How that will happen I don’t profess to understand
completely. There are complications involved. But despite that, it is a
breathtaking message; a message that truly is “good news.” To me it seems like
these days most of the news is “all bad, all the time.” I think we could do with
some good news. I think the people around us could do with some good news. And
so perhaps the challenge of this passage is that we become a people who reflect
the hope of this outrageous good news![9] God’s plan is that through Christ he’s going to redeem everything and everyone.
And as the Scripture says in The Message translation, God takes “great
delight” in seeing to it that this plan will be fulfilled!
[1] © 2024 Alan Brehm. A sermon delivered by Rev. Alan Brehm PhD on 7/14/2024 for
Hickman Presbyterian Church.
[2] James
L. Mays, Psalms, 311. Cf. also Shirley C. Guthrie, “The Way, the Truth,
and the Life,” Presbyterian Outlook (
[3] Psalm 48:10; 57:5, 11; 66:4; 72:19; 86:9; 96:1, 7; 97:6; 98:4, 7; 108:5; 145:21.
[4] 1 Corinthians 15:28; Ephesians 1:10; Colossians 1:20; Philippians 2:10-11.
[5] Cf. Jürgen Moltmann, The Trinity and the
Kingdom, 39-40: “our hope is directed towards that divine future in which
God will have all his creatures beside him to all eternity. That is to say, our
hope is for the day when all things will be restored and gathered in a new,
eternal order.” Cf. also Pheme Perkins “The Letter to the Ephesians,” New Interpreters Bible XI:378:
“Ephesians assures us that … somehow the universe is ordered so that all things
return to God in Christ.”
[6] Hans Küng, The Christian Challenge, 120.
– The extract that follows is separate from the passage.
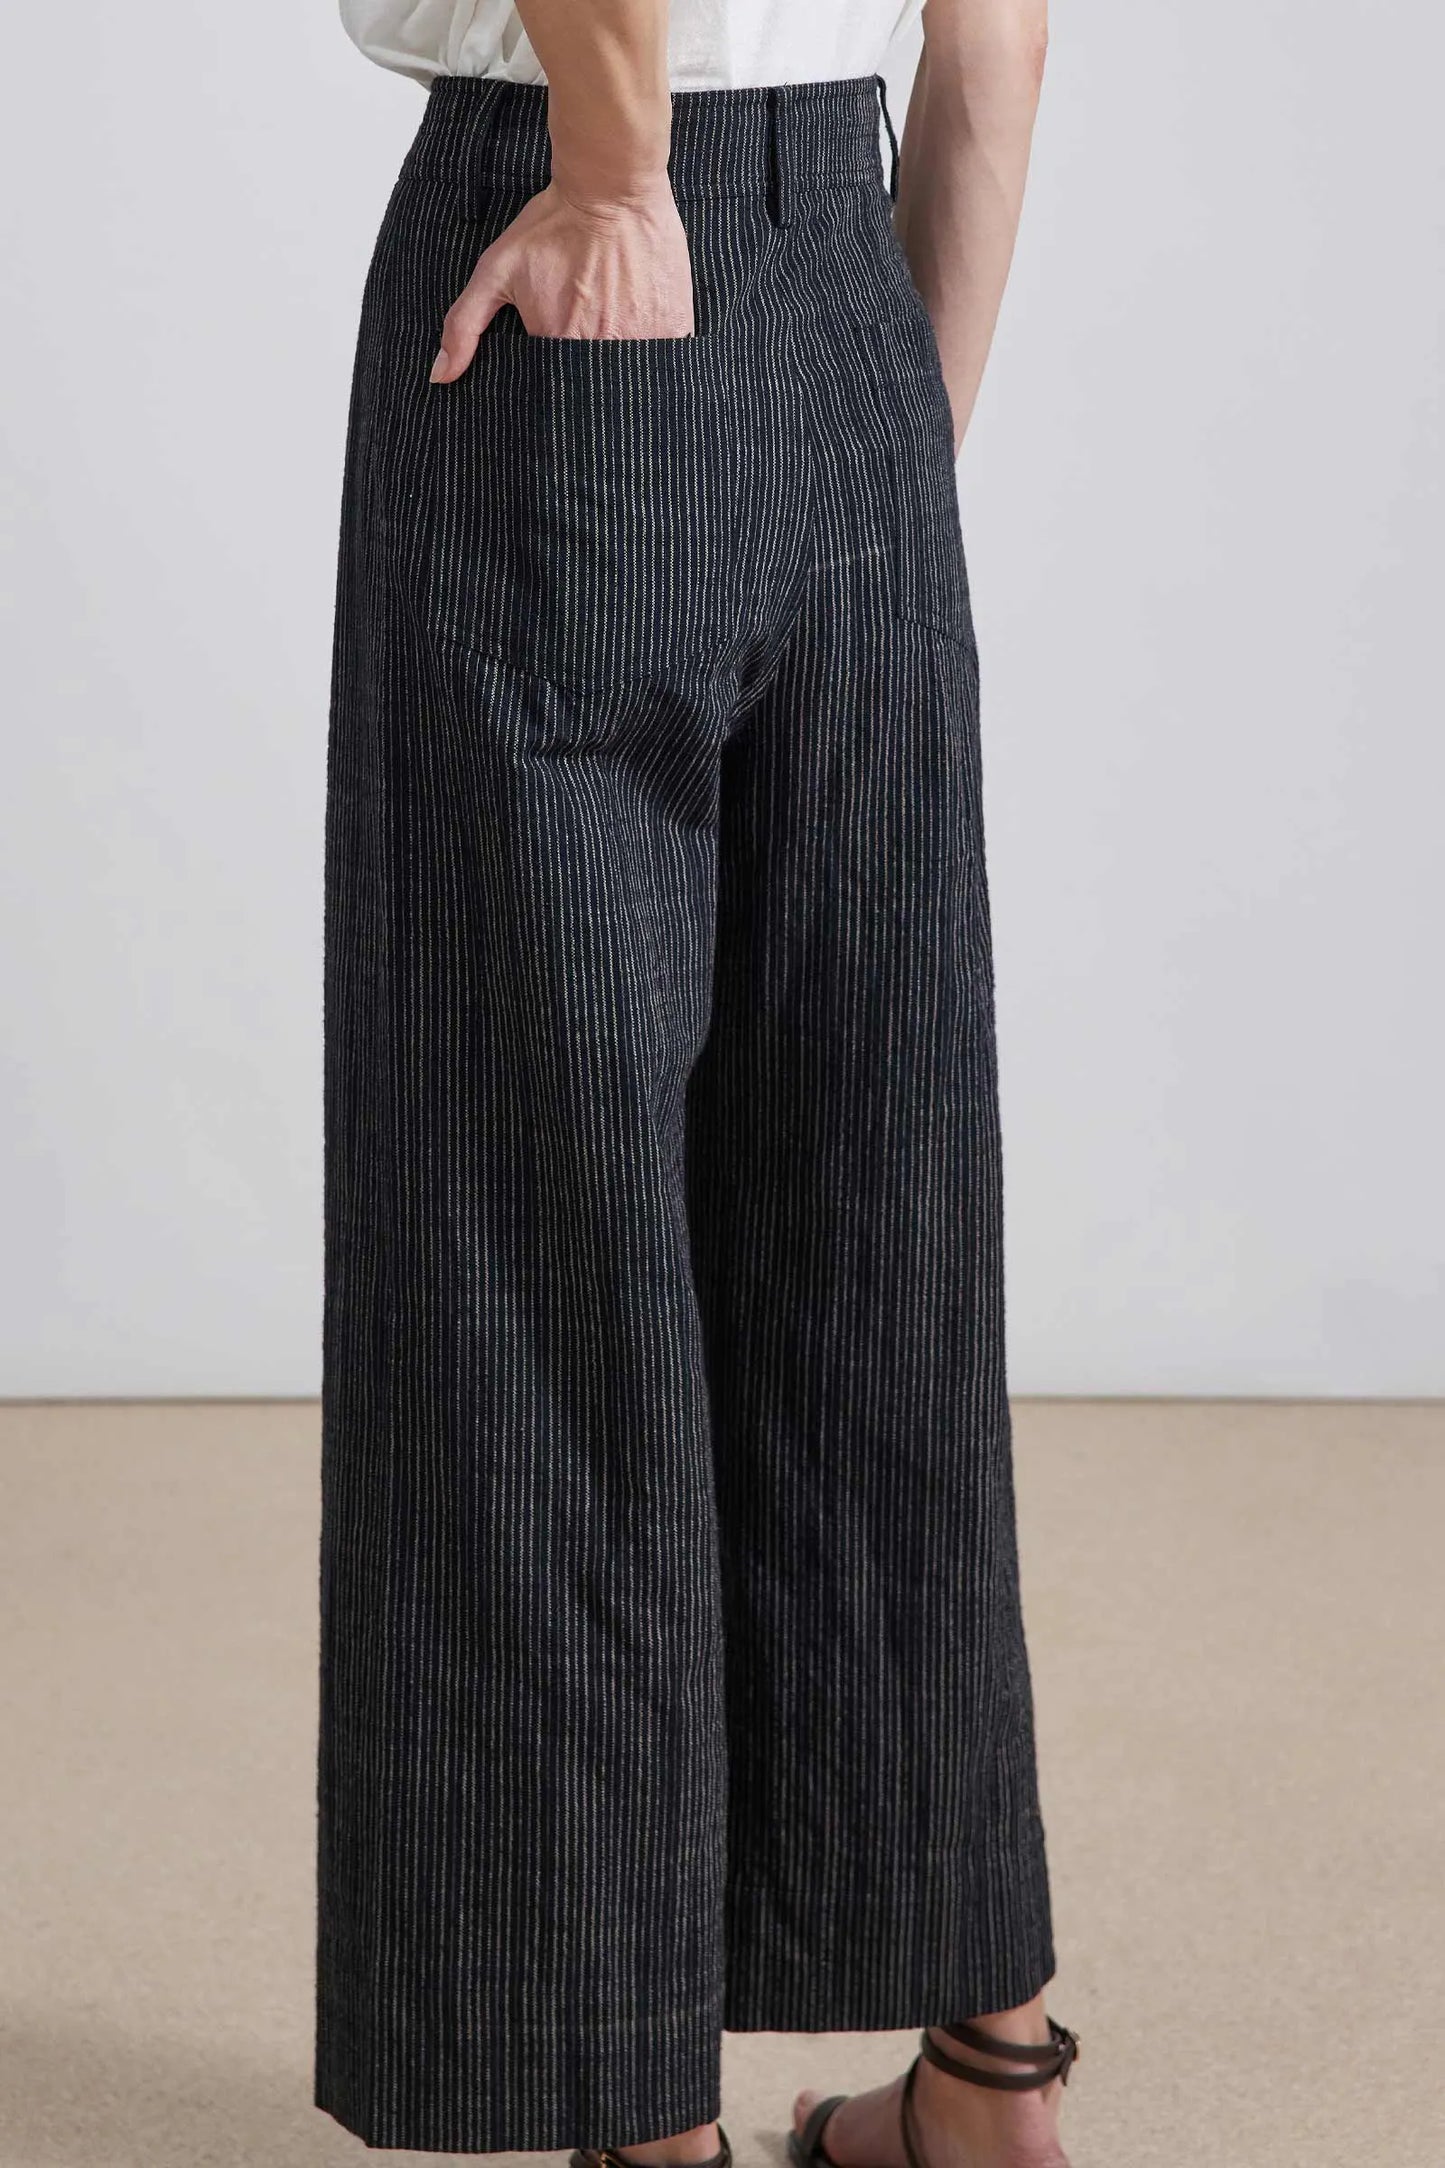 AA Pin Stripe Elsa Blazer, Meridian Pant & Bari Crop Set

[7] Emil Brunner, The Christian Doctrine of
the Church, Faith, and the Consummation, 344: “this love lasts forever and
that it will not rest until it possesses us wholly.”
[8] Cf. Karl Barth, Romans, 38, 108-9,
where he acknowledges that idea that a God of grace and mercy loves us
unconditionally with a love that will never let us go is something “so unheard
of, so unexpected” that it can only appear to us as something “incomprehensible
and meaningless,” as a “vast impossibility.”.
[9] Cf. also Jürgen Moltmann, The Church in
the Power of the Spirit, 292-93, where he speaks of the Christian community
as “the sign, the instrument, and the breaking-in of the new order of all
things” and therefore not as “the exclusive community of the saved,” but “the
initial and inclusive” expression of “the world freed by the risen Christ.”